Associate health minister announces repeal of Therapeutic Products Act

Under the Act, certain products would be over-regulated

Associate health minister announces repeal of Therapeutic Products Act

Associate Health Minister Casey Costello has announced the pending full repeal of the Therapeutic Products Act (TPA).

"The current Medicines Act is outdated, and the TPA was not the right solution. It would have over-regulated some products and imposed unnecessary costs on consumers, businesses, and exporters”, she explained. "The medicines and products in question are essential for the health of New Zealanders. Our goal is to ensure cost-effective access to the appropriate products to support health outcomes and remove unnecessary barriers for exporters".

Costello shared that she intended for the repeal bill to be passed this year.

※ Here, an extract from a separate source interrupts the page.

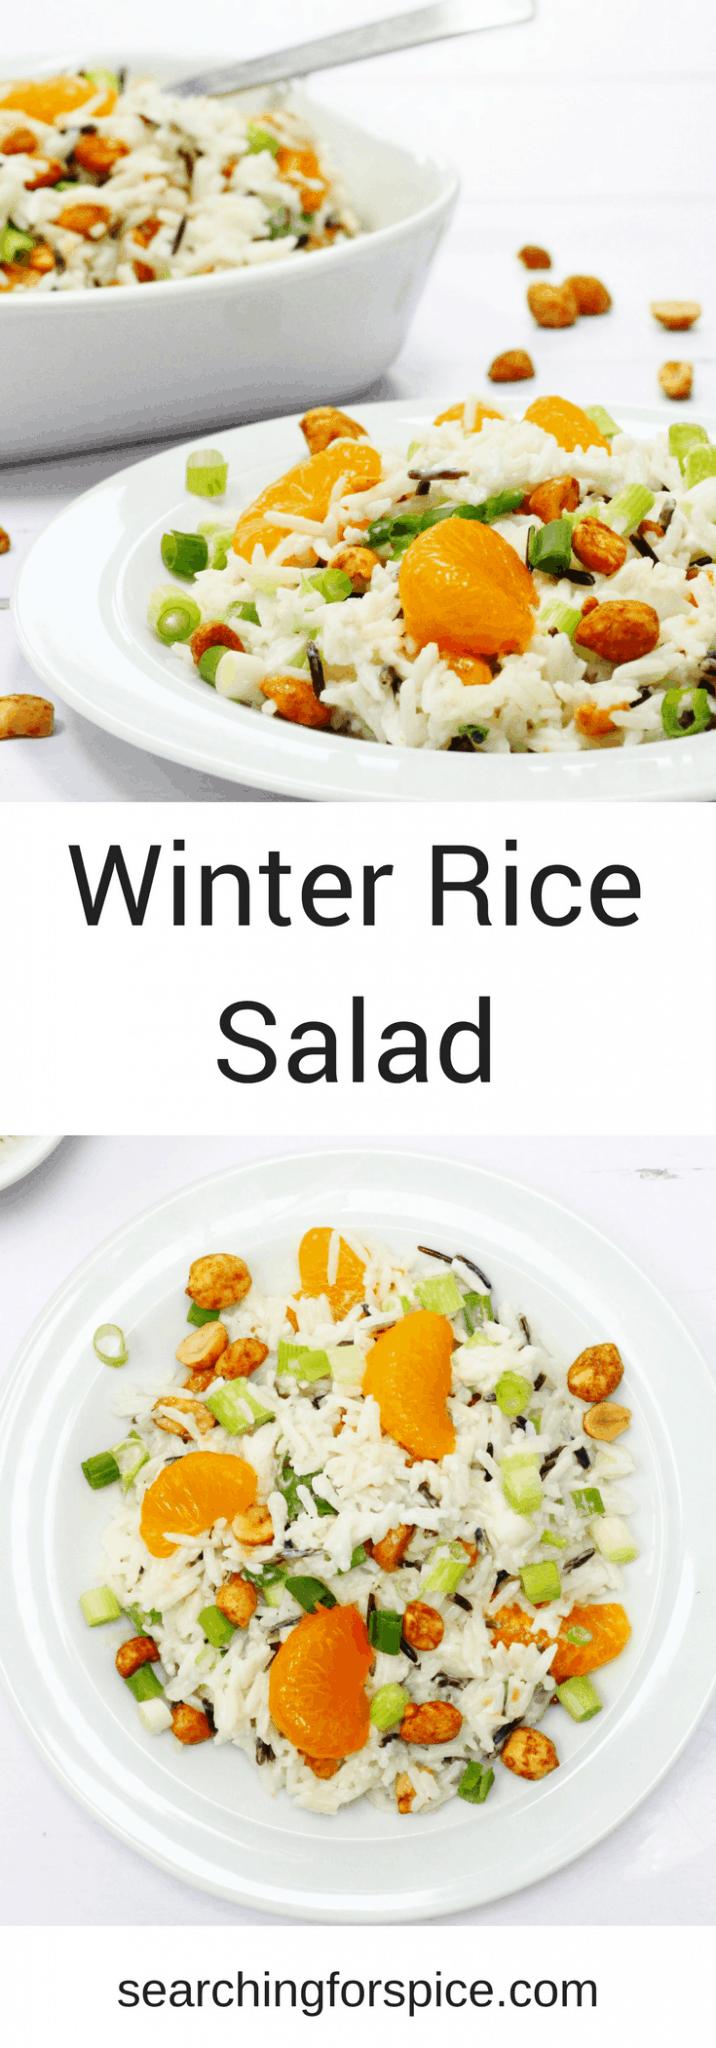 Winter rice salad with dry roasted peanuts, mandarins and spring onions #salad #ricesalad #recipe #mandarinoranges s #sidedish #vegetarian

"Industry groups have expressed concerns that their products, particularly lower-risk items like some natural health products, would be over-regulated. Consumers, importers, and practitioners have indicated that over-regulation could make these products more expensive or unavailable. I am not convinced that the Act would have improved the approval times for new medicines”, she said.

The majority of the TPA’s provisions were scheduled to take effect on 1 September 2026; thus, businesses or practitioners will not be required to modify current operations. Moreover, consumers will not experience disruption.

Costello confirmed that the government would craft a "modern, risk-proportionate regulatory regime for medicines and medical devices, along with a separate updated regime for natural health products".

"The new framework should support innovators and health practitioners and provide timely access to new and promising therapies. The right system should also reduce pressure on general practitioners and the hospital system", she said.

The government is set to look into proposals for new laws to streamline the approval process for new medicines. The government intends to ascertain that regulation backs health and medical product innovation as well as economic growth.

"There will be engagement with key groups through this process. I hope we can build on some of the work that has already been done in this area and look forward to hearing from consumers, industry, and practitioners so that we develop the best possible law and frameworks", Costello said.

The repeal of the TPA is in line with commitments made in the National-New Zealand First and National-ACT coalition agreements.